Da eine Person seit Einführung der Testpflicht nach der Rückkehr aus einem Risikogebiet ohnehin dazu verpflichtet ist, einen Corona-Test durchzuführen und sich bis dahin in häusliche Quarantäne zu begeben, stellt sich nunmehr die Frage, ob der Arbeitgeber die Vorlage des Testergebnisses verlangen kann. Der Arbeitgeber hat darauf zu achten, dass ein Arbeitnehmer nur dann zur Arbeit zurückkehrt, wenn aus arbeitsmedizinischer Sicht

feststeht, dass er kein Sicherheitsrisiko für den Betrieb darstellt (LAG Berlin-Brandenburg, Urteil vom 28.08.2012, 19 Sa 306/12). Es besteht hier jedoch ein erhöhtes Infektionsrisiko für die Arbeitnehmer, die mit einem aus einem Risikogebiet zurückkehrenden Arbeitnehmer in Kontakt treten. Der Arbeitgeber kann andere Arbeitnehmer mithin nur dann wirksam vor einem erhöhten Infektionsrisiko schützen, wenn er Kenntnis vom Testergebnis hat. Er kann daher auch die Vorlage des Testergebnisses verlangen.

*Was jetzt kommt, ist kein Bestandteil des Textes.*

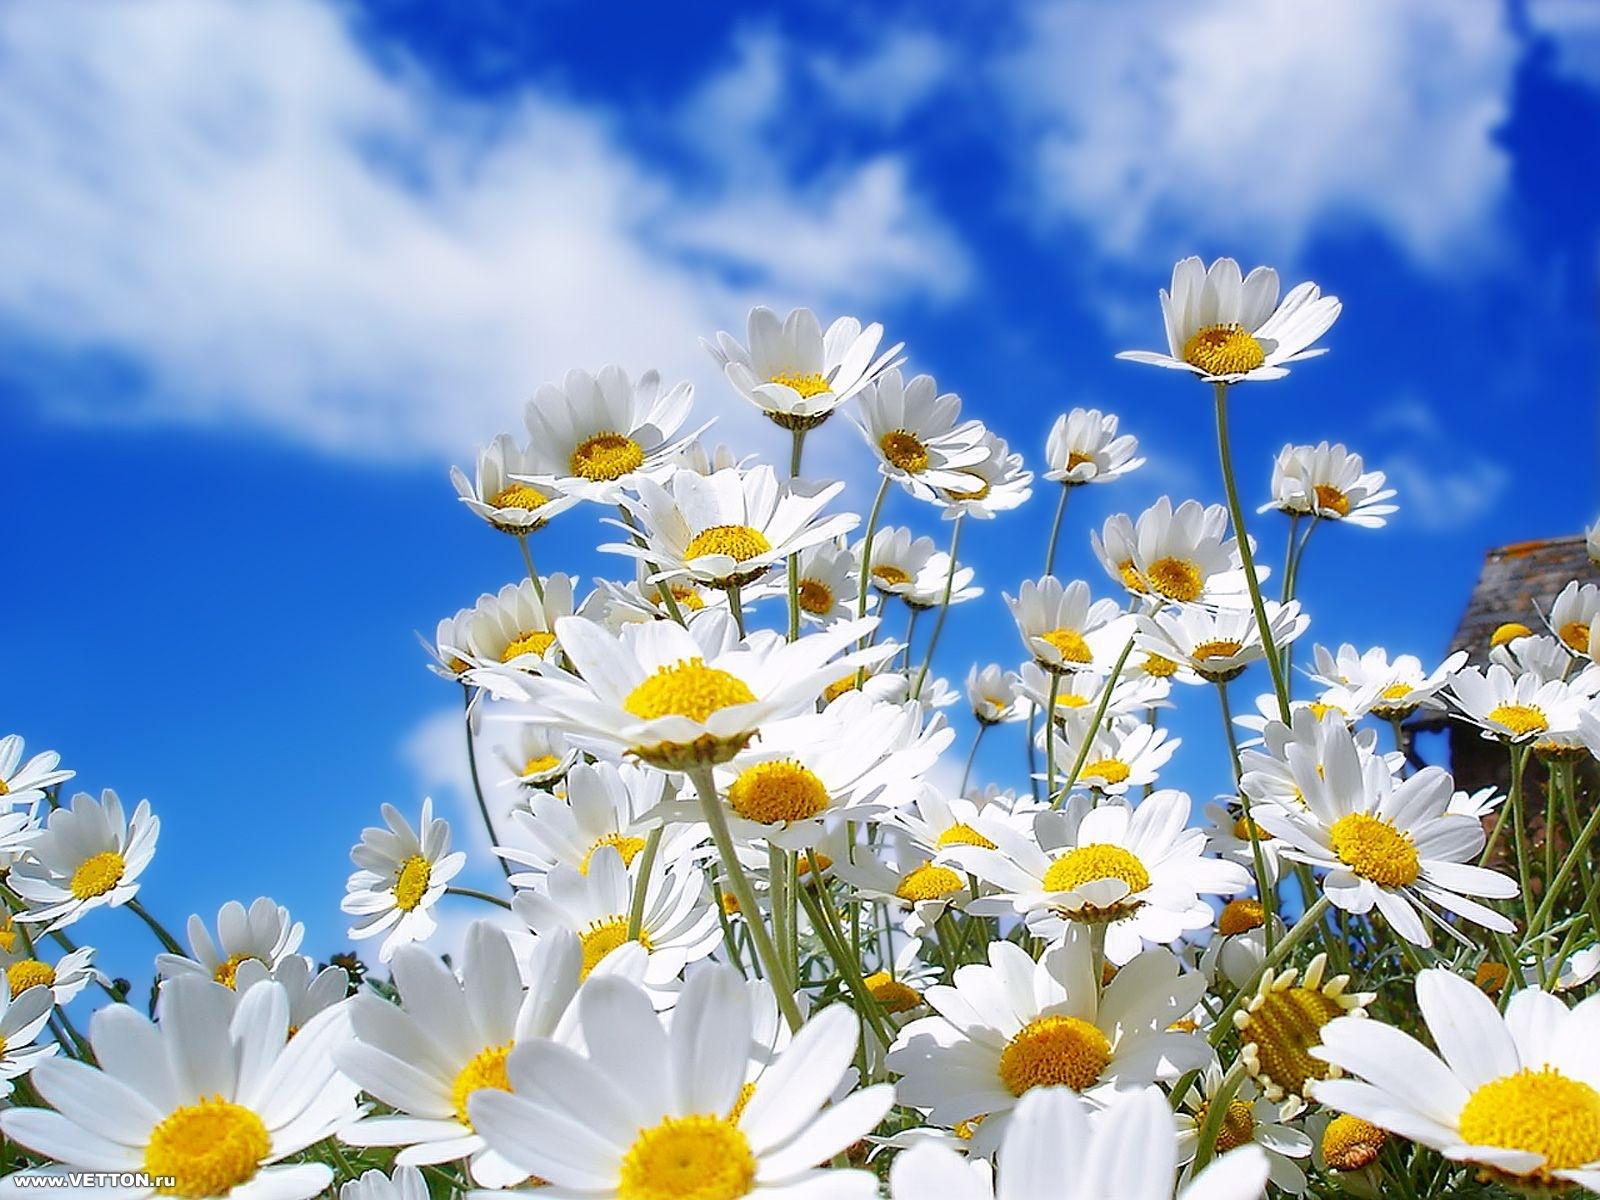 784 Заставки и Обои Ромашки на телефон. Скачать Растения, Цветы, Ромашки картинки бесплатно

Rückkehr aus keinem Risikogebiet

Für alle anderen Urlaubsrückkehrer, die aus einem Urlaubsland zurückkehren, das nicht als Risikogebiet eingestuft ist, gilt, dass der Arbeitgeber ein berechtigtes Interesse an der Durchführung eines Corona-Tests haben muss, um einen solchen anordnen zu können. Ein solches ist allerdings regelmäßig zu verneinen, wenn keine konkreten Anhaltspunkte für eine erhöhte Infektionsgefahr im Unternehmen vorliegen. Hierbei ist zu beachten, dass der Arbeitgeber keine eigene Einschätzung darüber vornehmen darf, wann eine erhöhte Infektionsgefahr vorliegt, sondern vielmehr Verordnungen und Analysen des Robert-Koch- Instituts und der Behörden hierfür maßgeblich sind. Wird ein Urlaubsgebiet danach nicht als Risikogebiet eingestuft, wird es schwer für den Arbeitgeber, eine erhöhte Infektionsgefahr zu rechtfertigen.